Published July 20, 2015 1:55PM (EDT)

Donald Trump                      (Reuters/Brendan Mcdermid)
Donald Trump (Reuters/Brendan Mcdermid)

August 4 is the cutoff date for invitations to the first Republican debate, which will be August 6 and will feature the top 10 GOP candidates according to an average of the five national polls conducted closest to the cutoff date. Donald Trump is number one in the last two national polls, all but guaranteeing that the inflammatory showman will be on stage, even after a rough weekend.

Here are the latest developments in The Trump Show:

Trump won't back down on McCain attack 

A "dummy" who is only "a war hero because he was captured." That is how Trump described Senator John McCain after he blasted Trump supporters as "crazies." Now that Trump may have finally crossed the GOP line of proper decorum, insulting a former POW, the real-estate mogul still refuses to apologize, holding steady to his persona as a brash straight shooter.

Trump's fellow Republican primary opponents came out swiftly to condemned his remarks. Rick Perry, Trump's most vocal GOP rival, called him "unfit" to be Commander-in-Chief, saying he "should immediately withdraw from the race for President," while Gov. Scott Walker said that "at a minimum, he needs to apologize." The Republican National Committee, whose head Reince Priebus was reportedly too polite to reprimand Trump's comments classifying Mexican immigrants as criminal and rapists last week, said of Trump's insult of McCain, "there is no place in our party or our country for comments that disparage those who have served honorably."

But at a testy press conference after his comments to the Iowa Family Leadership Summit on Saturday, Trump began a most unconvincing walk back before settling back on his original assessment of McCain's war record: "I am not blaming John McCain for his capture. If he gets captured, he gets captured ... I like the people who don’t get captured and I respect the people who do get captured.” And Trump told ABC's This Week, that he had absolutely no plans to apologize to McCain, claiming the controversy surrounding his comments were ginned up by his GOP rivals:

No, not at all. Actually, if you look at Sharyl Attkisson’s report last night, four times she said I said perfectly, I said whatever it was, and it was absolutely fine. And she thought the press was covering me very -- very, very unfairly. And she stated that strongly. And I respect her as a reporter. And somebody that a lot of other people respect.

Also and very importantly I got a standing ovation, the biggest ovation they had all weekend, by far. When I left the room, it was a total standing ovation. It was wonderful to see. Nobody was insulted.

What happened is, later on, the Republican candidates, some of whom are registering 1 percent and zero, and they’re very upset that I’m leading the polls by actually a nice margin, they’re extremely upset and they were extremely when the Nevada numbers just came out and they’re through the roof too. They started attacking me.

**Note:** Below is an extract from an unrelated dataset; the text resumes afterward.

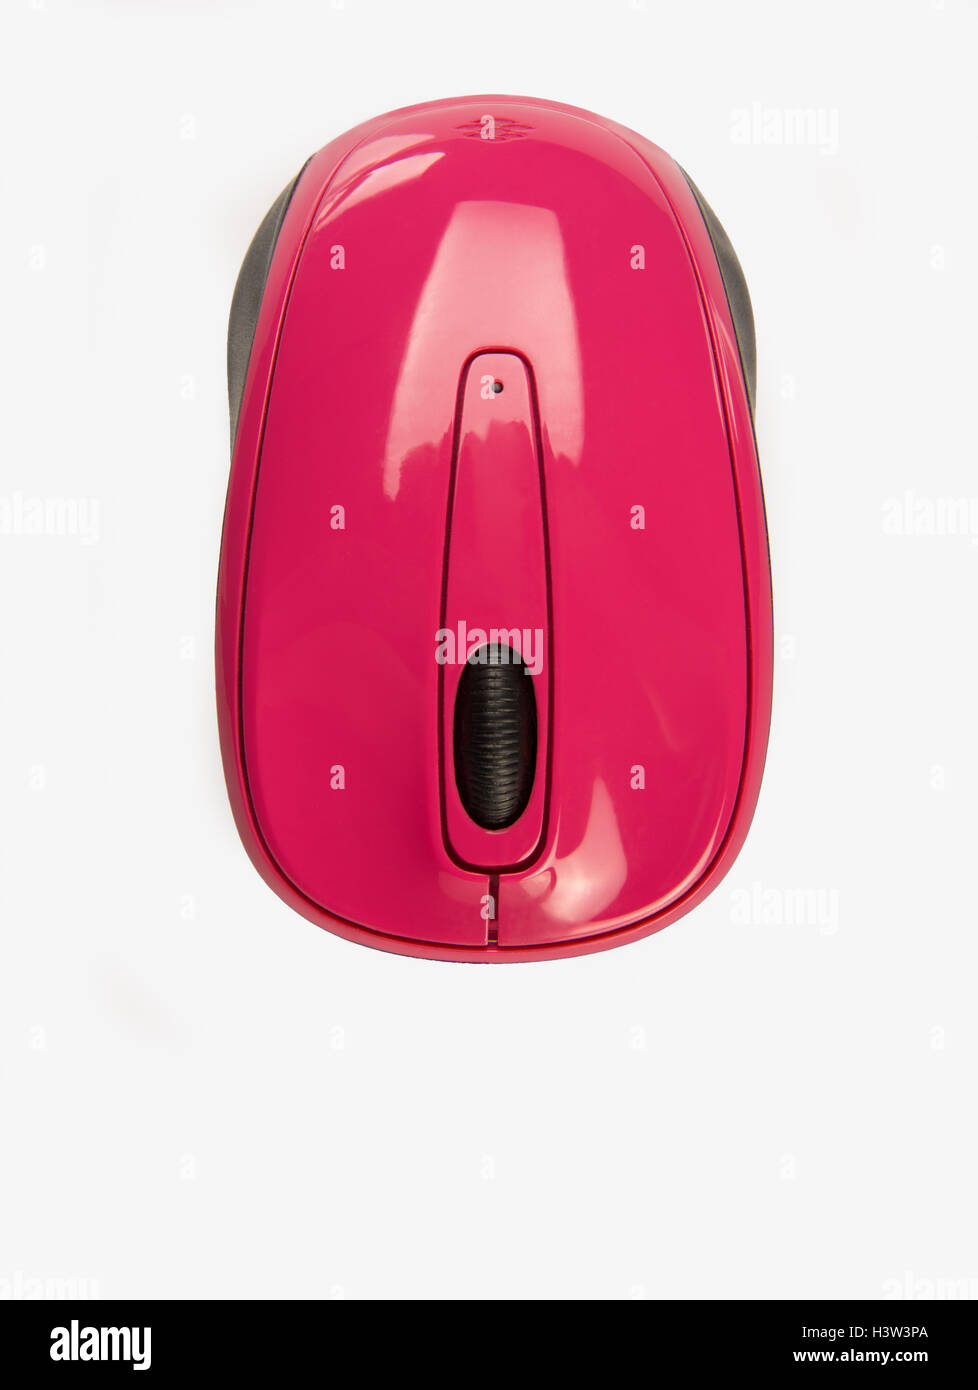 Petite souris sans fil pour ordinateur portable portable rose Banque D'Images

Trump targets Bernie Sanders

In a USA Today op-ed published Sunday evening titled "I don't need to be lectured," Trump attempted to set the record straight on his back-and-forth with McCain but just ensnarled Sen. Sanders in the mess while doubling down on his original attack on McCain. Trump attempted to contrast his record of support for veterans with McCain's and Sanders', whom he claimed had attempted to "cover up the VA scandal": (emphasis added)

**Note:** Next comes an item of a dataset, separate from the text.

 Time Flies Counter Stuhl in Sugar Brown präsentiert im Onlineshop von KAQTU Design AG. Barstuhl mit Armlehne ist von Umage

Thanks to McCain and his Senate colleague Bernie Sanders, their legislation to cover up the VA scandal, in which 1,000+ veterans died waiting for medical care, made sure no one has been punished, charged, jailed, fined or held responsible. McCain has abandoned our veterans. I will fight for them.

The reality is that John McCain the politician has made America less safe, sent our brave soldiers into wrong-headed foreign adventures, covered up for President Obama with the VA scandal and has spent most of his time in the Senate pushing amnesty. He would rather protect the Iraqi border than Arizona’s.

[...]

My record of veteran support is well-documented. I served as co-chairman of the New York Vietnam Veterans Memorial Commission and was responsible, with a small group, for getting it built. Toward this end, I contributed over $1 million so our warriors can be honored in New York City with a proper memorial. I also helped finance and served as the grand marshal of the 1995 Nation’s Day Parade, which honored over 25,000 veterans.  It was one of the biggest parades in the history of New York City, and I was very proud to have made it possible.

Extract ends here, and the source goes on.